When I opened the big deep freeze to put the sack inside, it felt as though I was lifting the lid on a coffin. Nobody had emptied the freezer since Grandpa had died. Packages of meat and bags of vegetables were piled inside, along with unlabelled containers of liquid and what looked like stewed fruit. I went to close it again when a couple of items caught my eye — clear plastic bags containing whole animals. It was difficult to see exactly what they were without defrosting them, but they were small and furred — stoats perhaps. A larger, darker mound could have been a possum, although I knew that most of the trapped possums were sent off to my uncle, whose company dealt in possum fur.

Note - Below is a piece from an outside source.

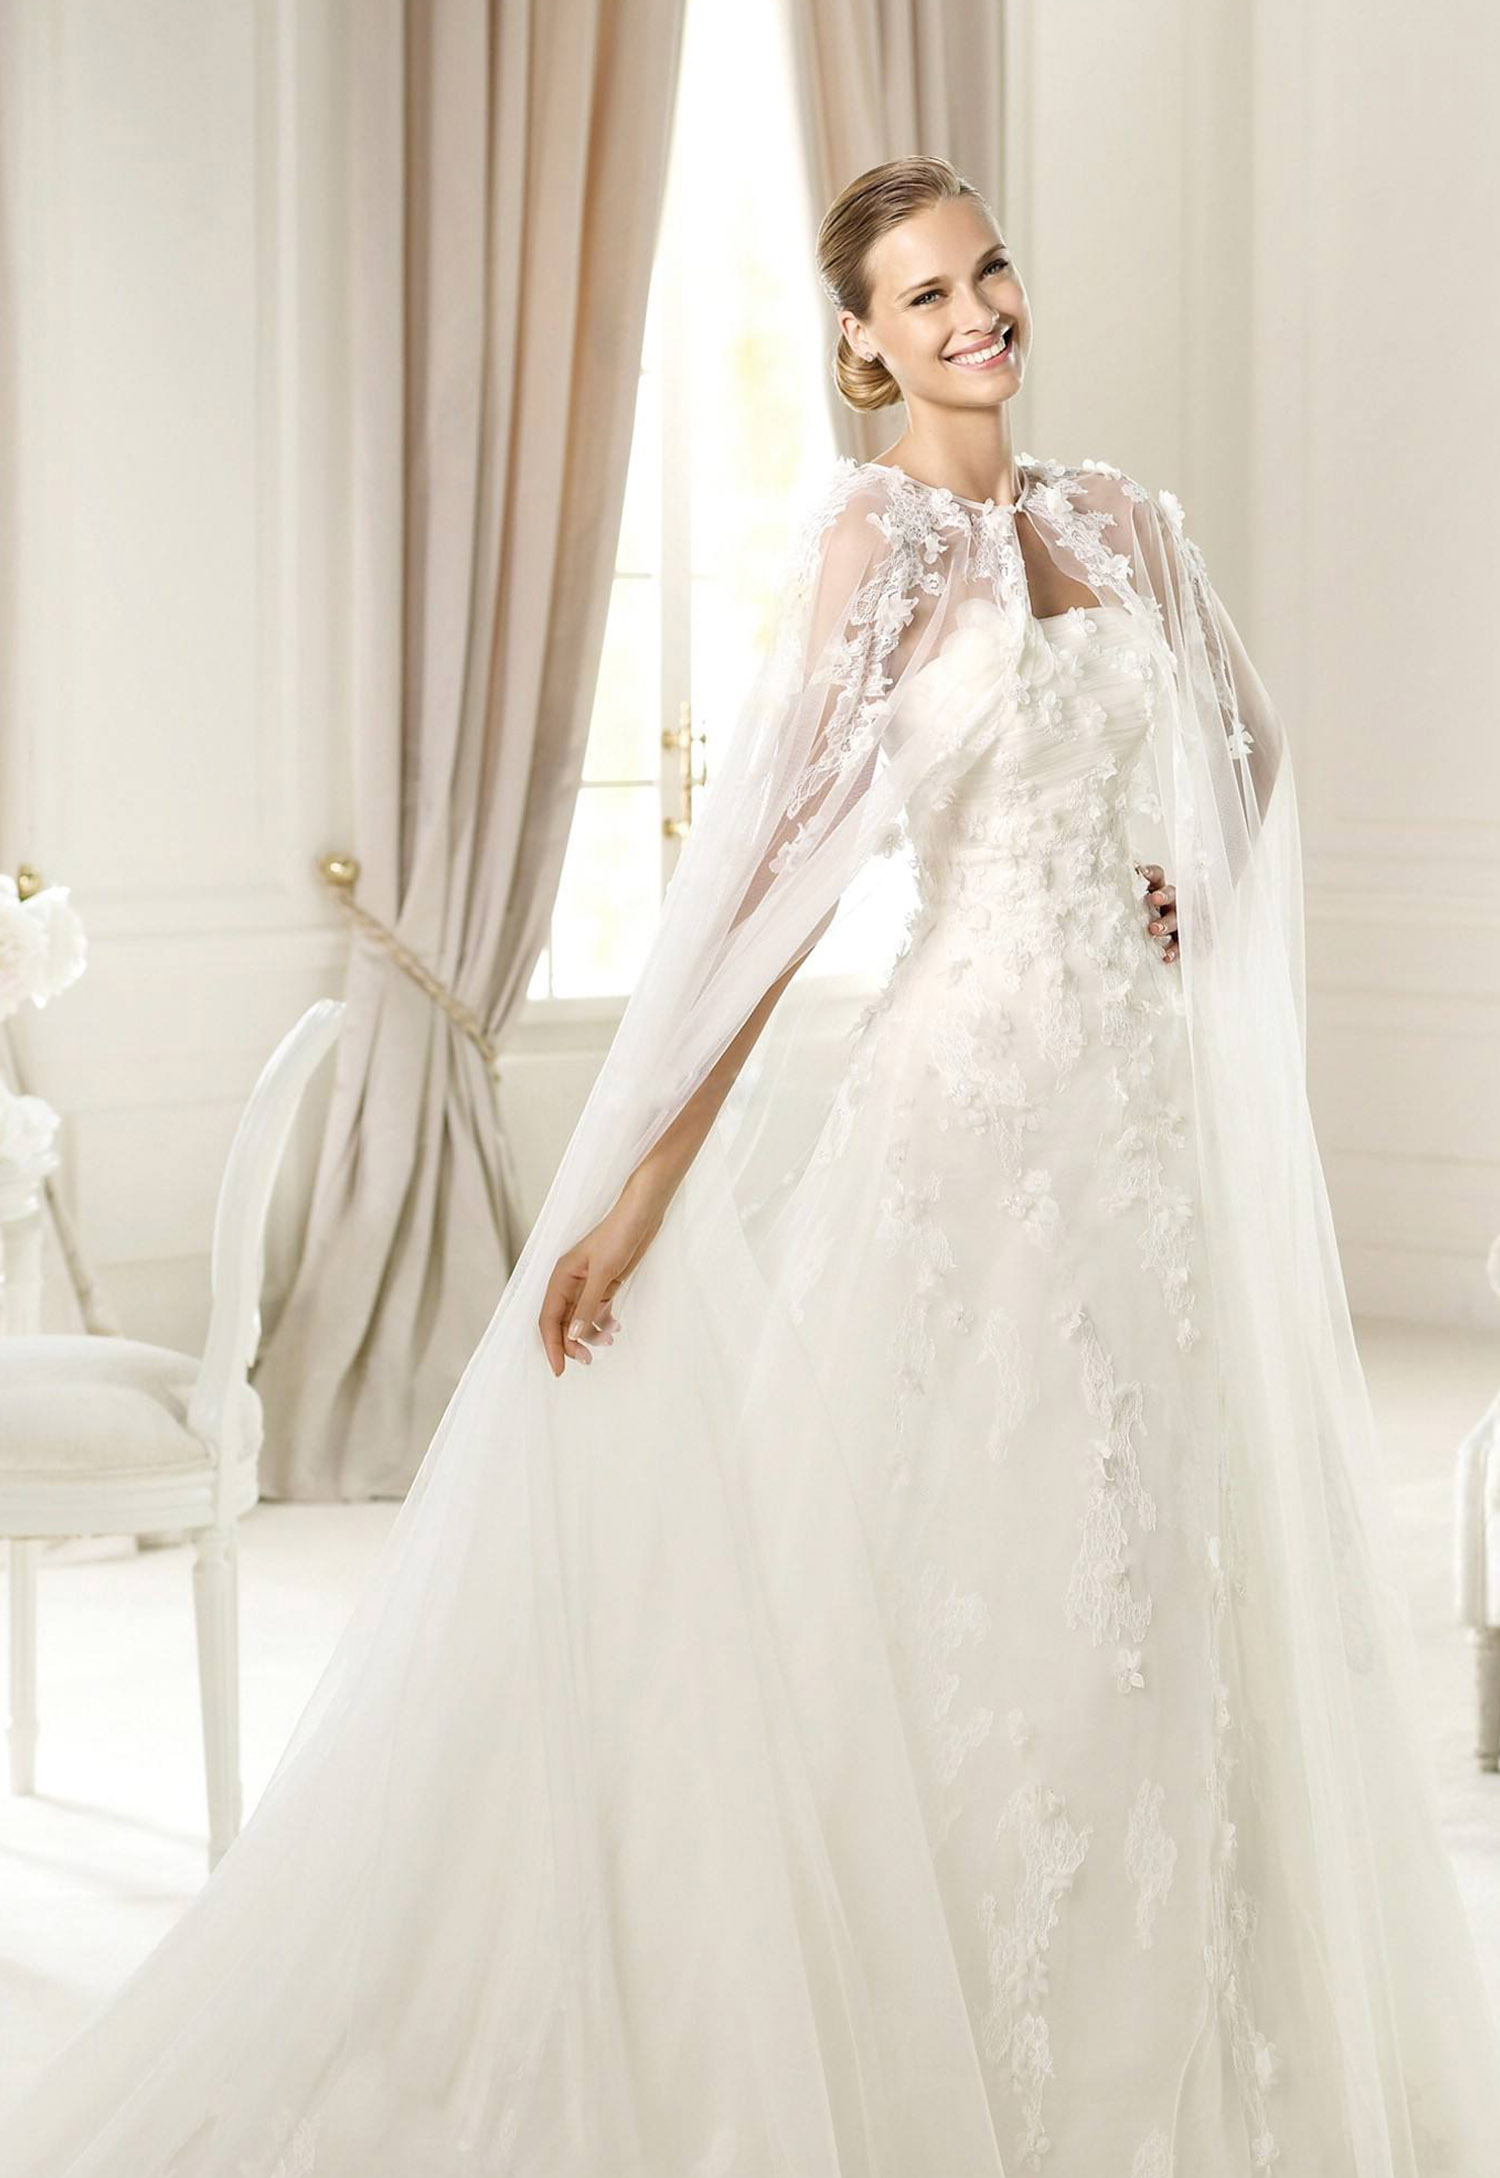 不同款式礼服解析   婚纱披肩在近几年越来越流行,虽然婚纱礼帽等也是

As I passed through the hallway I glanced into the living room. There was something missing from the side table — the huia. I looked at the spot where it had been and tried to think whether I had done something with it, but I couldn’t remember. The chair was where I
had left it after retrieving the bird from the high shelf, and when I looked up, there it was, back on its perch.
Someone was playing games with me. Sam? He looked as though he hadn’t ventured any further than the kitchen. But if not Sam, then who? I felt uneasy then, as though someone might be watching me from somewhere in the house.